Oh, nice change in the method, way friendlier to read!

Guess we need a nice test comment of course.
I'm fairly confident about the test, don't really think we need more. The only thing that I'm not sure of is the last part which doesn't use the entity query factory as the other tests do in that class (in general, I feel this class could use some cleanup, but oh well).

Leaving on NR though to get more potential eyeballs on this one, the more the better as this is really tricky stuff.

swentel’s picture

don't really think we need more

Actually, to answer myself on that, we might explicitly test that the data is removed from the deleted field table, so we're really sure that we're ok, even though we have other tests in the same class that test that behavior.

catch’s picture

So the patch in itself looks good, but do we have test coverage for things like updating a node with deleted field values to add new data etc. - i.e. are there any more queries missing deleted = 1?

Or we don't permit fields to be created when we have deleted fields which will end up with the same column name which will break module re-install.

This seems safer to me.

alexpott’s picture

I considered

Or we don't permit fields to be created when we have deleted fields which will end up with the same column name which will break module re-install.

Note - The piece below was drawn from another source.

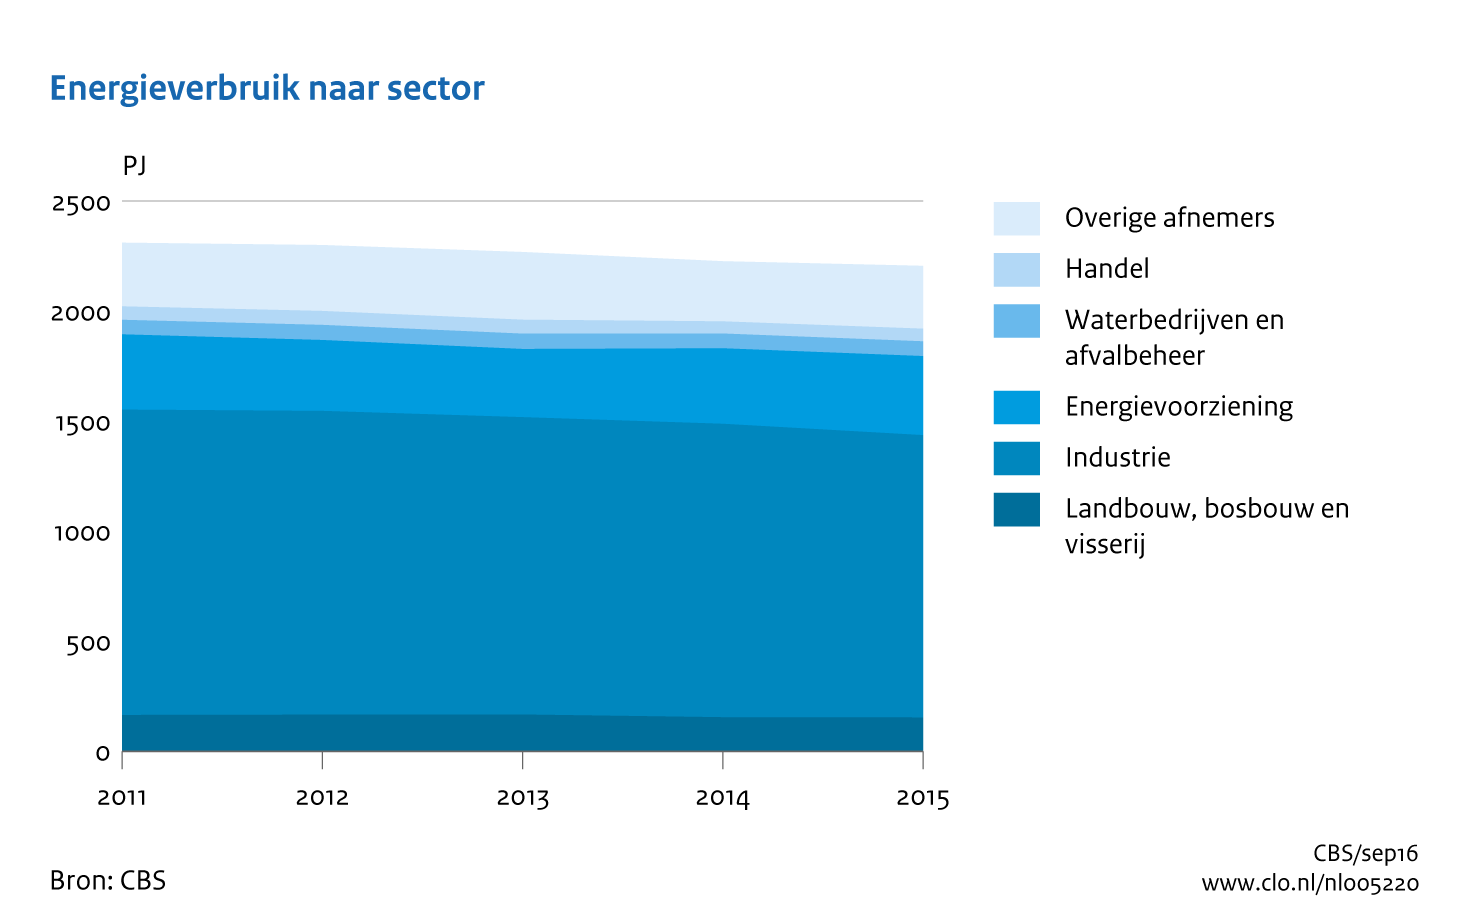 Figuur Tijdreeks 2011-2015 energieverbruik per sector. In de rest van de tekst wordt deze figuur uitgebreider uitgelegd.

But ended up dismissing this as way too complex re module uninstall and re-install.

alexpott’s picture

alexpott’s picture

+++ b/core/lib/Drupal/Core/Entity/Sql/SqlContentEntityStorage.php
@@ -1684,6 +1687,12 @@ public function countFieldData($storage_definition, $as_bool = FALSE) {
   protected function storageDefinitionIsDeleted(FieldStorageDefinitionInterface $storage_definition) {
+    // Configurable fields are marked for deletion.
+    if ($storage_definition instanceOf FieldStorageConfigInterface) {
+      return $storage_definition->isDeleted();
+    }
+    // For non configurable fields check whether they are still in the last
+    // installed schema repository.
     return !array_key_exists($storage_definition->getName(), $this->entityManager->getLastInstalledFieldStorageDefinitions($this->entityTypeId));
   }

This is the most important part of the change - since the bug was not in the field being deleted but the field storage being deleted. The other conditions added here are for safety and can not do any harm.

alexpott’s picture

StatusFileSize
new9.78 KB
new11.31 KB

Looking at the code some more I think being able to pass the $is_deleted flag into TableMapping is wrong headed. This thing has the field storages injected - it should be checking itself. Atm I'm checking it's stored field definitions - that might not be right though as the check in \Drupal\Core\Entity\Sql\SqlContentEntityStorage::storageDefinitionIsDeleted is using the last installed schema repository but the fact that \Drupal\Core\Entity\Sql\DefaultTableMapping::getDedicatedDataTableName and \Drupal\Core\Entity\Sql\DefaultTableMapping::getDedicatedRevisionTableName are not checking the field storages they have is kinda scary. Let's see what breaks.

Improved the test.

alexpott’s picture

StatusFileSize
new11.28 KB

Let's just see if anything breaks if we don't rely on $is_deleted at all - this would give us some idea if we can remove all usages in core.

swentel’s picture

+++ b/core/modules/field/tests/src/Kernel/BulkDeleteTest.php
@@ -212,6 +212,100 @@ function testDeleteField() {
+      ->select('entity_test__' . $field_name, 'f')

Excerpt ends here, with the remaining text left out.